However, I'm stuck on the converse of the third statement: suppose $a \mathbf{v} = \mathbf{0}$ and $\mathbf{v} \neq \mathbf{0}$. Show that $a$ must be equal to $0$. In other words, show that the scalar zero is the only element of $\mathbb{F}$ that allows for rule of inference number 3 in the above list.

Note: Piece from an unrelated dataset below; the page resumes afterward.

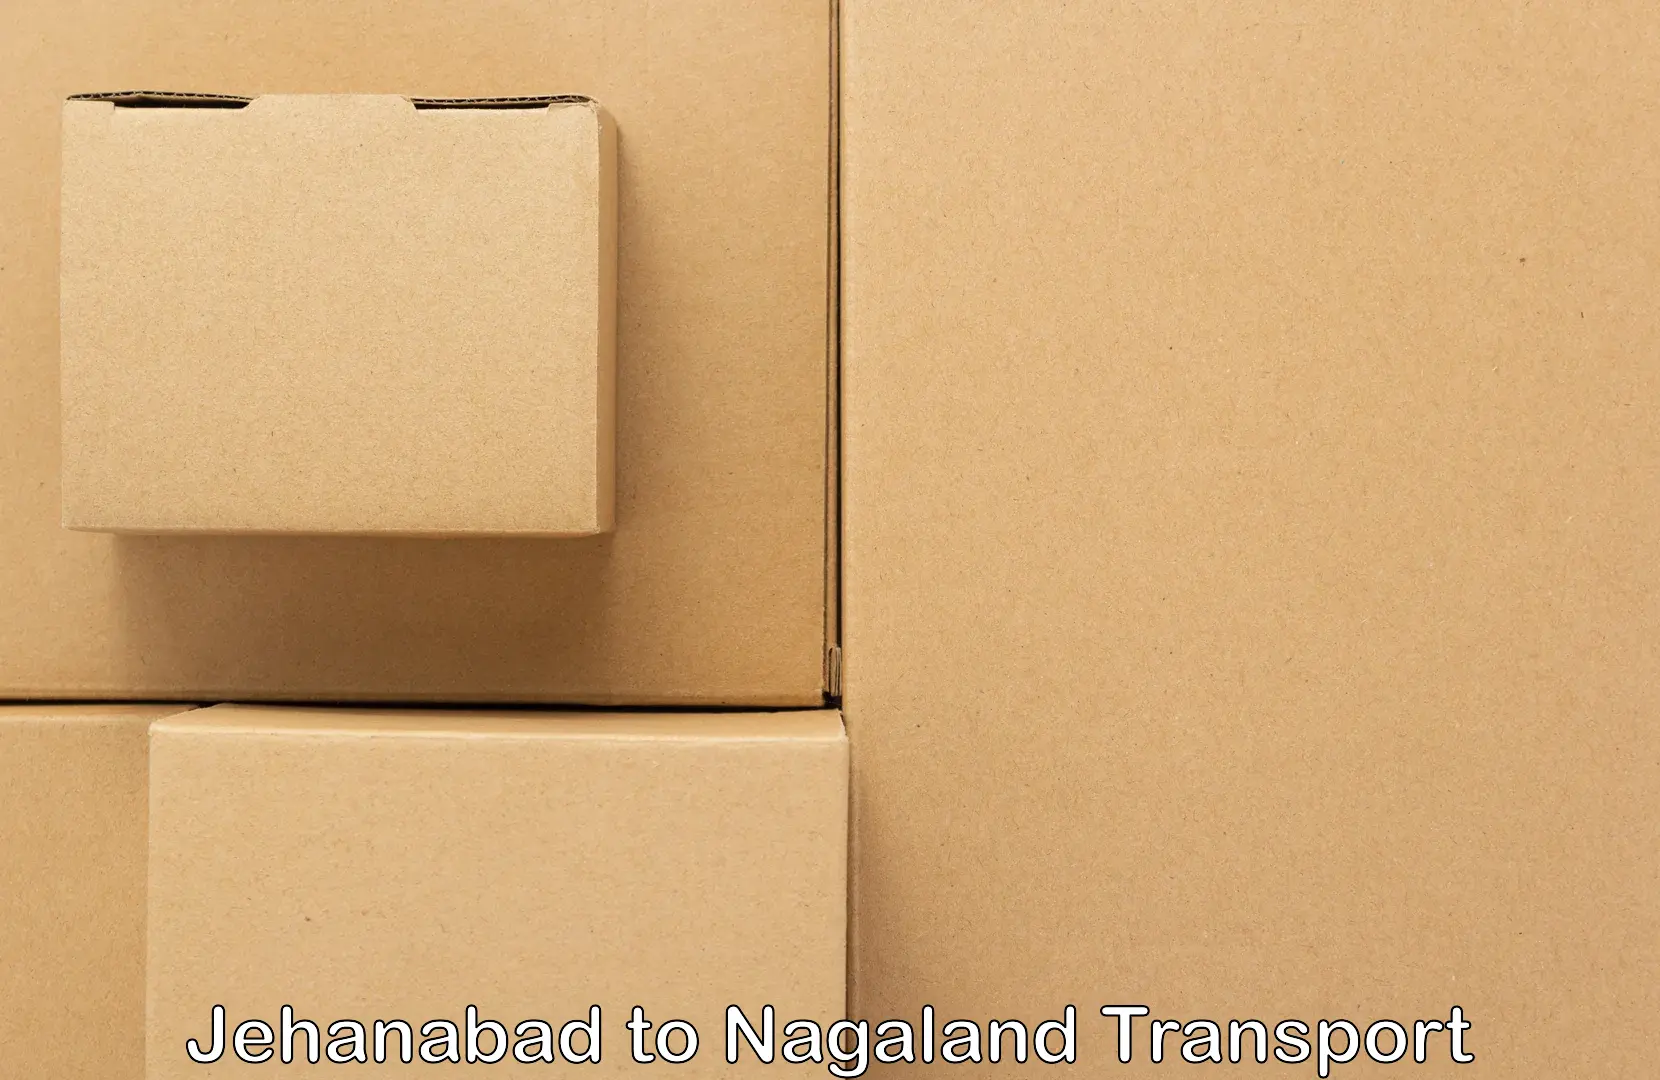 All India transport service Jehanabad to Nagaland

It seems like such a simple thing but I'm not used to proving super basic statements like this axiomatically. My attempt so far is something like:

$$\begin{align}a\mathbf{v} &= \mathbf{0} \quad &\text{(1)} \\ a \mathbf{v} + \mathbf{0} &= \mathbf{0} \quad &\text{(vector additive identity)} \\ a \mathbf{v} + a \mathbf{v} &= \mathbf{0} \quad &\text{(substitute from 1)} \\ (a + a) \mathbf{v} &= \mathbf{0} \quad &\text{(distributive property)} \\ (2a)\mathbf{v} &= \mathbf{0} \\ (2a)\mathbf{v} &= a \mathbf{v} \quad &\text{(substitute from 1)} \\ \mathrm{``therefore"} \quad 2a &= a \\ a &= 0 \end{align} $$

But I'm not sure I'm "allowed" to do that second-to-last step yet, given the things proved so far. I think it might just be a circular argument. Is it?

EDIT:

I figured it out with some prodding; turned out I had all the pieces in front of me already but didn't realize it. Here it is for completeness:

Suppose $a \in \mathbb{F}$, $\mathbf{v} \in V$, and $a \mathbf{v} = \mathbf{0}$. Either $a = 0$ or $a \neq 0$. In the case where $a \neq 0$:

$$\begin{align} a \mathbf{v} &= \mathbf{0} \\ \frac{1}{a} ( a \mathbf{v} ) &= \frac{1}{a} \mathbf{0} \\ (\frac{1}{a} a) \mathbf{v} & = \mathbf{0} \\ 1\mathbf{v} &= \mathbf{0} \\ \mathbf{v} &= \mathbf{0} \end{align}$$

But then suppose further that $\mathbf{v} \neq \mathbf{0}$. Then $a = 0$ by the contrapositive.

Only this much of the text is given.